How could she settle to her spinning after this news? Better not to worry Andreas’ parents with it. Everyone was making the most of the good weather, digging, planting, preparing the fruit trees and olives. This knowledge weighed heavy on her. What if their company didn’t know about this drama and ran into patrols bent on revenge, angry, vicious and determined to release the captive by any means? They’d put a ring of steel over the mountains, block all paths south. That was what she would do. Were her men heading into a wall of guns?
There was just a chance she might warn them before they went too far. Yolanda covered her head with a scarf, took her
sakouli
with a flask of water and cheese, heading out in the direction they must have gone. No time to waste, she thought, walking and then running as if her life depended on it. She knew a short cut towards Omalos, a tough trail but it halved the time if she battled through the heat of the day.
The whole of HQ was in turmoil at the news of Kreipe’s abduction by British agents. No one believed they would get off the island and so all the garrisons were mobilized to surround the mountain ranges from Mount Psiloritis to the White Mountains, and the coastline tightly patrolled to prevent evacuation. Reconnaissance planes scoured the ranges for sightings but there was no visible evidence to put them in this district yet. Rumours abounded that they’d already left by ship from the north. The general’s car was left by the coast road. Inside was a British Army cap and a message in perfect German saying no Cretans were involved in the snatch so there must be no reprisals. Rainer smiled, sensing it was just a ruse to distract them and put them off the real scent.
He could think like an agent too. The car was left north so they could zigzag south, travelling by night. There were dogs with Kreipe’s scent to follow. He must be found alive and that meant a thorough, systematic trawling through the gullies and gorges and caves they already knew. There would be a big prize for the general’s rescue, and many takers, but to be sure of success and their loyalty, Rainer was determined to be part of the search himself.
Yolanda was tiring. She’d hardly rested, and too much sun made her dizzy, but she soaked her head in a stream and filled her water flask again. It was good to know she was tracking in the right direction. A shepherd pointed the way. He offered to come with her but she preferred to go alone. The
andartes
would be holed up in the heat, out of sight, with no idea they were heading into danger unless the bush telegraph had reached them, but as they were on the move without a wireless it could take days for such tremendous news to reach them.
Her legs were shaking with tiredness and just when she thought she could go no further, she saw, quite by chance, a glint of movement behind some rocks. Binoculars would be trained on her as she walked up, pulling a piece of red cloth in her hand, red for danger, waving it until her arm ached. Then she saw them spilling out of the cleft in the rock to meet her.
Andreas scrambled down. ‘What are you thinking of? Sit down at once. What has got into you, woman?’
She told him her news, that the island was covered with search parties. He didn’t look surprised.
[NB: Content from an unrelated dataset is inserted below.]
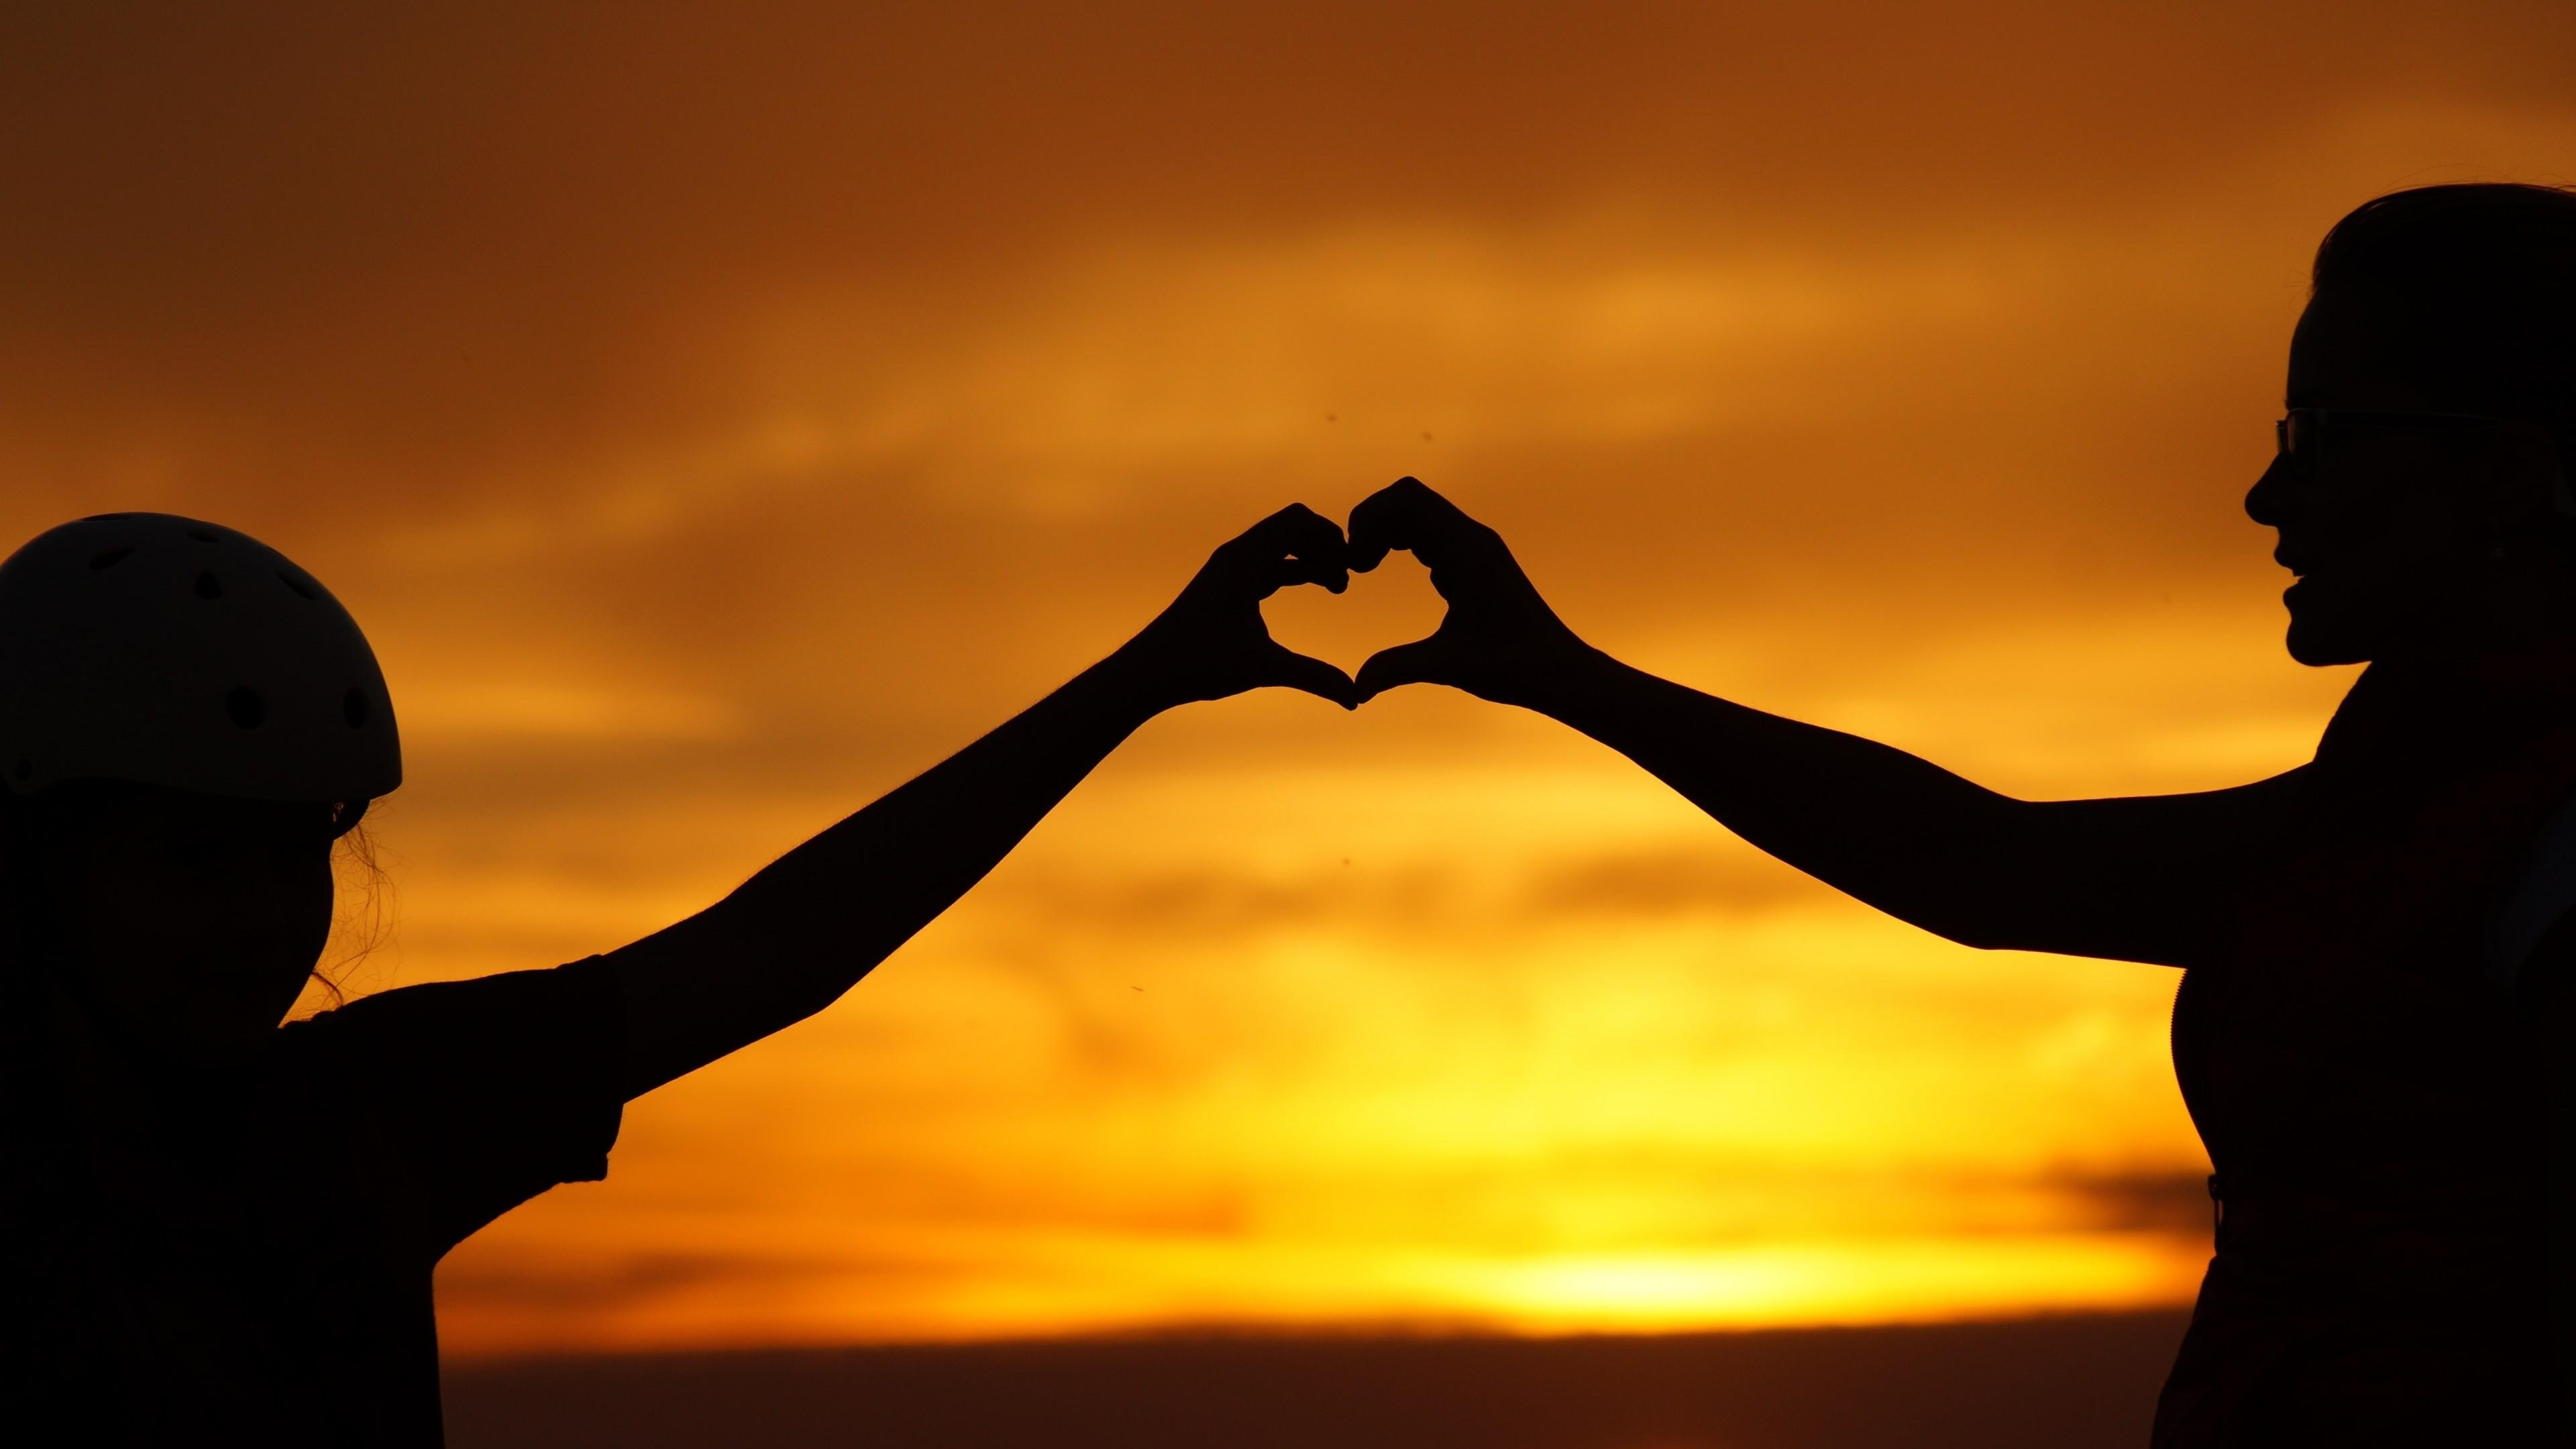 Download 3840x2160 Heart Gesture, Sunset, Scenery, Silhouette

‘But that’s what we’re here for, to disturb their progress.’
‘You
knew
?’
‘We were told to prepare for something. What a victory if they pull it off. Come inside into the cool. You must rest. You were foolish to come.’
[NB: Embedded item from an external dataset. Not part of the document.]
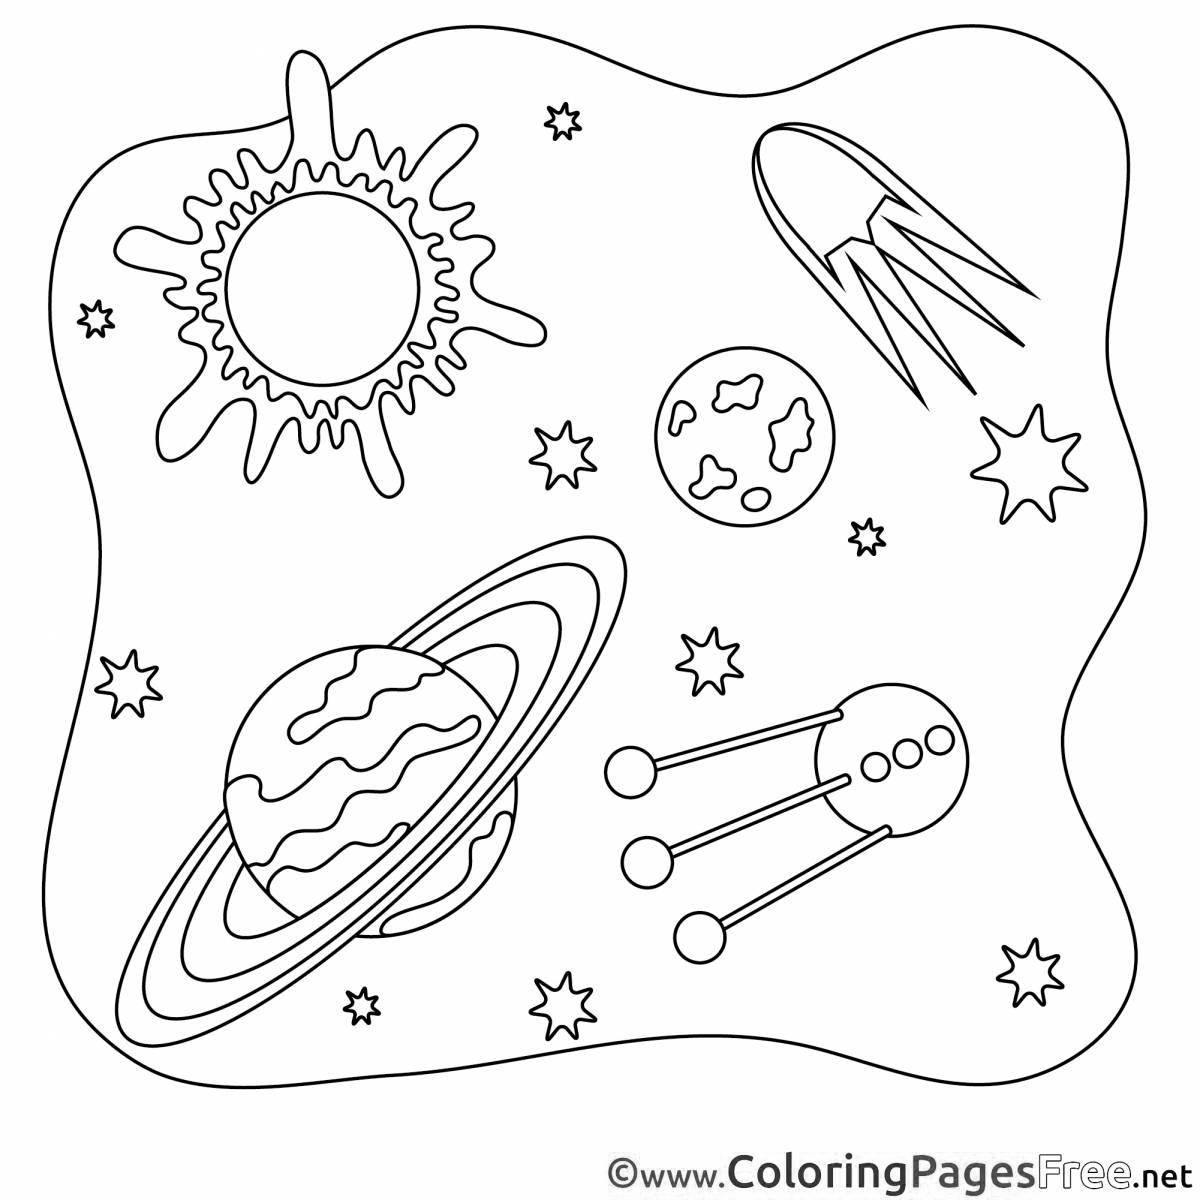 Glowing space coloring book for children 4-5 years old

Yolanda felt deflated. They didn’t seem to be troubled by the news and now she lay exhausted by her effort. Andreas was not pleased with her at all.
‘You shouldn’t have left Mama and Papa, and in your condition. Did you not think we are warriors enough to take precautions?’ he accused her.
‘Is this all the thanks I get for chasing after you?’ she snapped back, tired and frustrated. ‘You should have told me.’
‘You know the rules: we say nothing, but it was good of you to be concerned,’ he replied, turning his back on her.